In China, home to 1.3 billion people and a nation on the rise for 30 years, we know Shanghai Shenhua. A team that, to many of us at the time, came to represent the exuberance of new Chinese wealth by signing Premier League big hitters Anelka and Drogba in January and May of last year.
Earning in the region of £200,000 a week both played their part in securing Shenhua 9th place in the Chinese Super League (CSL). When the season finished in November 2012, with both embroiled in payment disputes, they made their excuses and left for more familiar football surroundings of Turin and Istanbul.
Each of the 16 CSL teams are allowed 4 foreign players and as I scanned the squads for Saturdays ‘Round 22’ Shanghai derby between Shanghai East Asia (Dongya) and Shanghai Shenua expecting to see a few household names, the only person I recognised was Ian Walker who is now Shenhua’s goalkeeping coach. Anelka and Drogba were vanity signings brought in to increase the profile of Chinese football. In their place Shenhua have gone to Syria and signed Firas Al-Khatib, a 30 year old striker who was previously playing in the Iraqi league and had a trial at Nott’m Forest in 2012, and Giovanni Moreno a skillful Colombian international who joined this season from Racing Club in Argentina.

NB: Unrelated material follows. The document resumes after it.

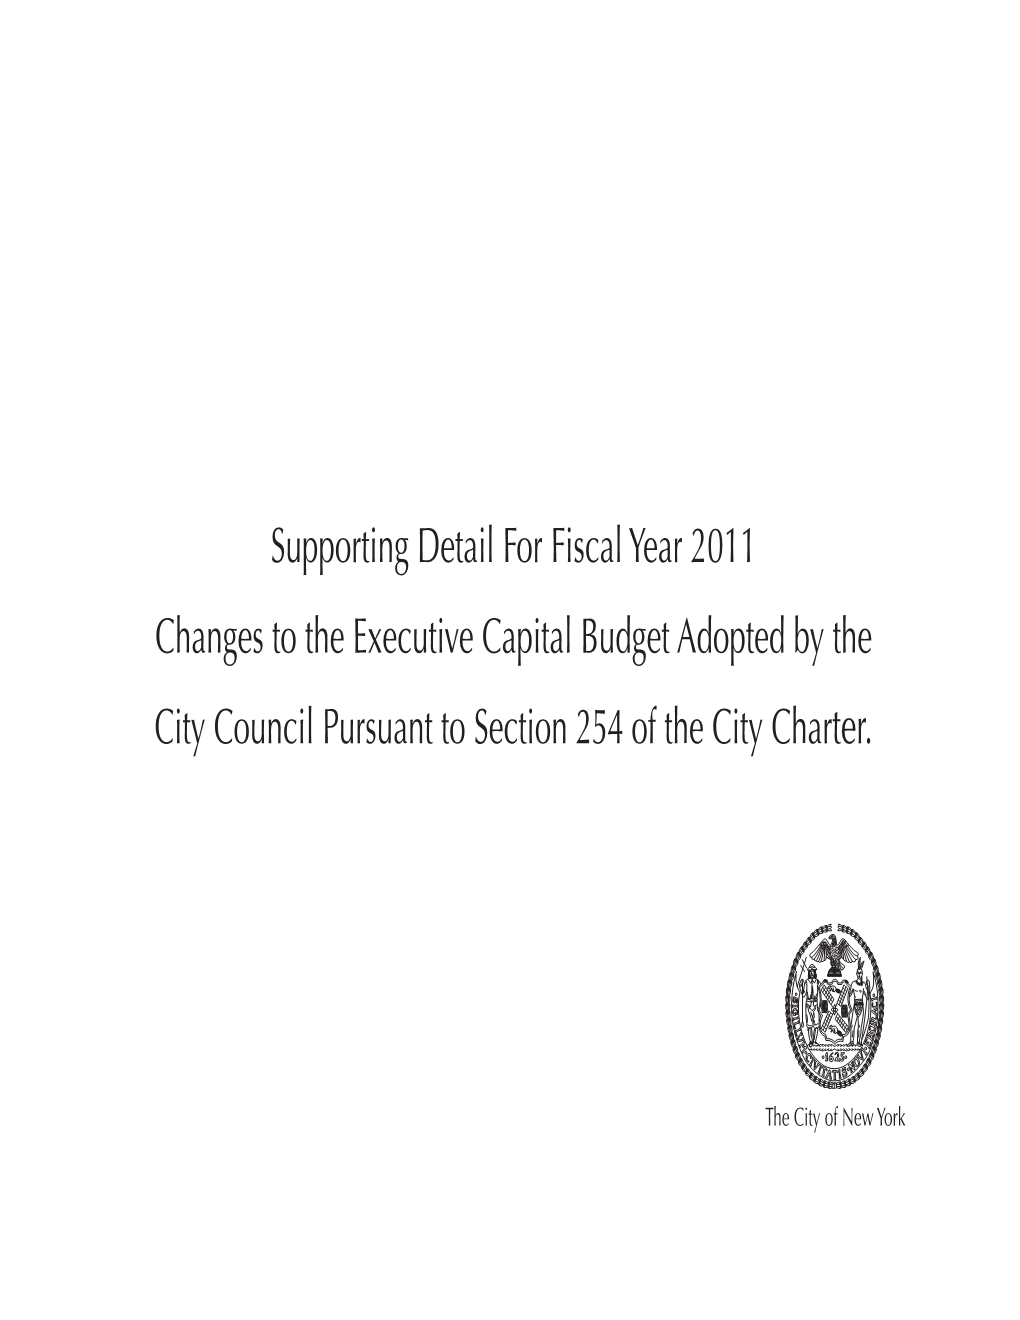 Supporting Detail for Fiscal Year 2011 Changes to the Executive Capital Budget Adopted by the City Council Pursuant to Section 254 of the City Charter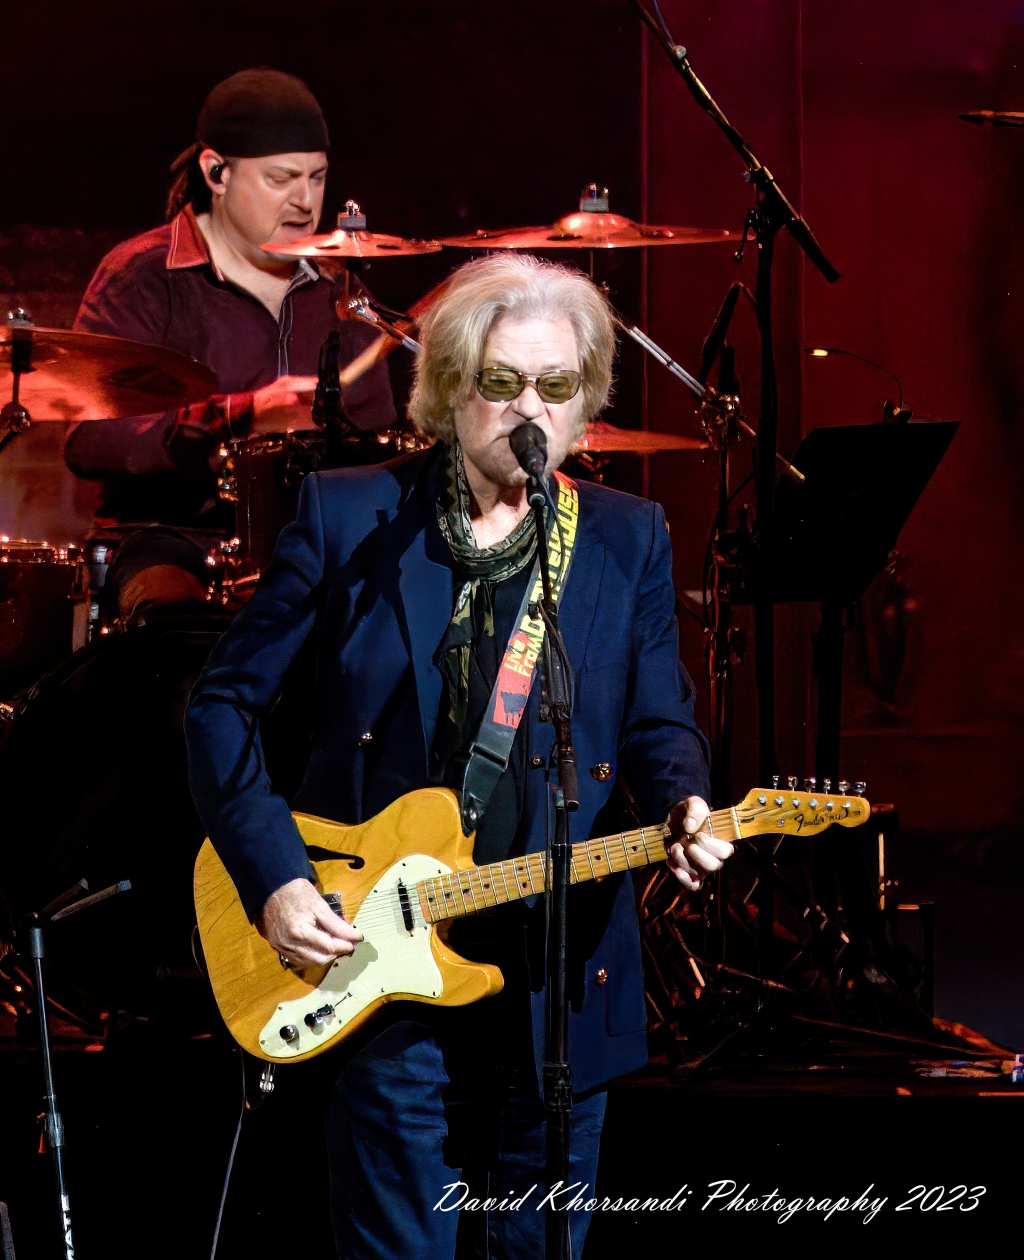 Daryl Hall and Todd Rundgren Pantages Theater 11/6/2023

While Shenhua are an established CSL team having only been outside the top flight once since the league started in 1951, East Asia are the new kids on the block. Otherwise known as Shanghai SIPG (SIPG are 75% owners of the club), East Asia’s rise through the ranks of Chinese football is to be admired. Founded by former Chinese international Xu Genbao in 2005, they entered the 3rd tier of Chinese football in 2006, won promotion from League 2 the following season, and earned their place in this year’s China Super League as 2012 League 1 champions.
Xu’s ambition in forming the team after a career managing other clubs including Shenhua was to build a Manchester United of China. His key principle; to a create a successful youth development structure that would mature into the first team, inspired by United’s class of ’91-92 which gave us Beckham, Scholes, Butt and the Nevilles. While this is not revolutionary in football terms it is a fresh approach in China. In a country increasingly obsessed with money and in a game littered with corruption, I have been told that many of the soccer schools are money making schemes. The general claim is that you need money to break into football. You pay to join a school, you have to buy all the kit and then you pay some more. It makes you realise that some of the Premier Leagues finest players from traditional working class backgrounds like Wayne Rooney, Rio Ferdinand and Robbie Fowler would not have made it through the China system and is one of the reason why China isn’t competitive at international level.
Going into this match East Asia held the bragging rights in Shanghai and sat four positions (8th) and three points above their neighbours from across the river, despite an inferior record. In what has become the norm rather than the exception, Shenhua have lost fewer games but started the season with -6 points following match fixing investigations into a number of teams across the leagues. So with my pockets full of ¥100 (in case I needed to bribe someone / anyone) I set out to meet my British comrades who would join me in experiencing our first CSL game. At Xintaindi metro station I met my ‘Championship’ friends Paul and Karen (AFC Bournemouth), Neil and Carol (Derby County) Nick (Leeds Utd) and Scott (Ipswich Town) all who have some great football stories to share from following their teams.
Getting around Shanghai by metro is relatively easy. As a ‘new model city’ with a modern metro system, East Asia’s home ground the 80,000 seated Shanghai Stadium has its own stop. As we neared the ground in the south of the city, we were surprised by the visible lack of football fans going to the game. No shirts, no colours. But as we got outside the volume of noise coming from the stadium told us that the most of the fans were already inside. Both teams have a fanatical following and as we searched for staircase 6 where we could buy tickets, it became clear that despite careful planning, there was a threat of missing the kick off. After a 20 minute walk which took us three quarters of the way around the stadium, we found the ticket office, and queued up for the one open hatch selling match day tickets. The queue wasn’t long but I did wonder why on their biggest home game of the season with kick off minutes away, and with lots of fans still outside, why they didn’t have more people serving?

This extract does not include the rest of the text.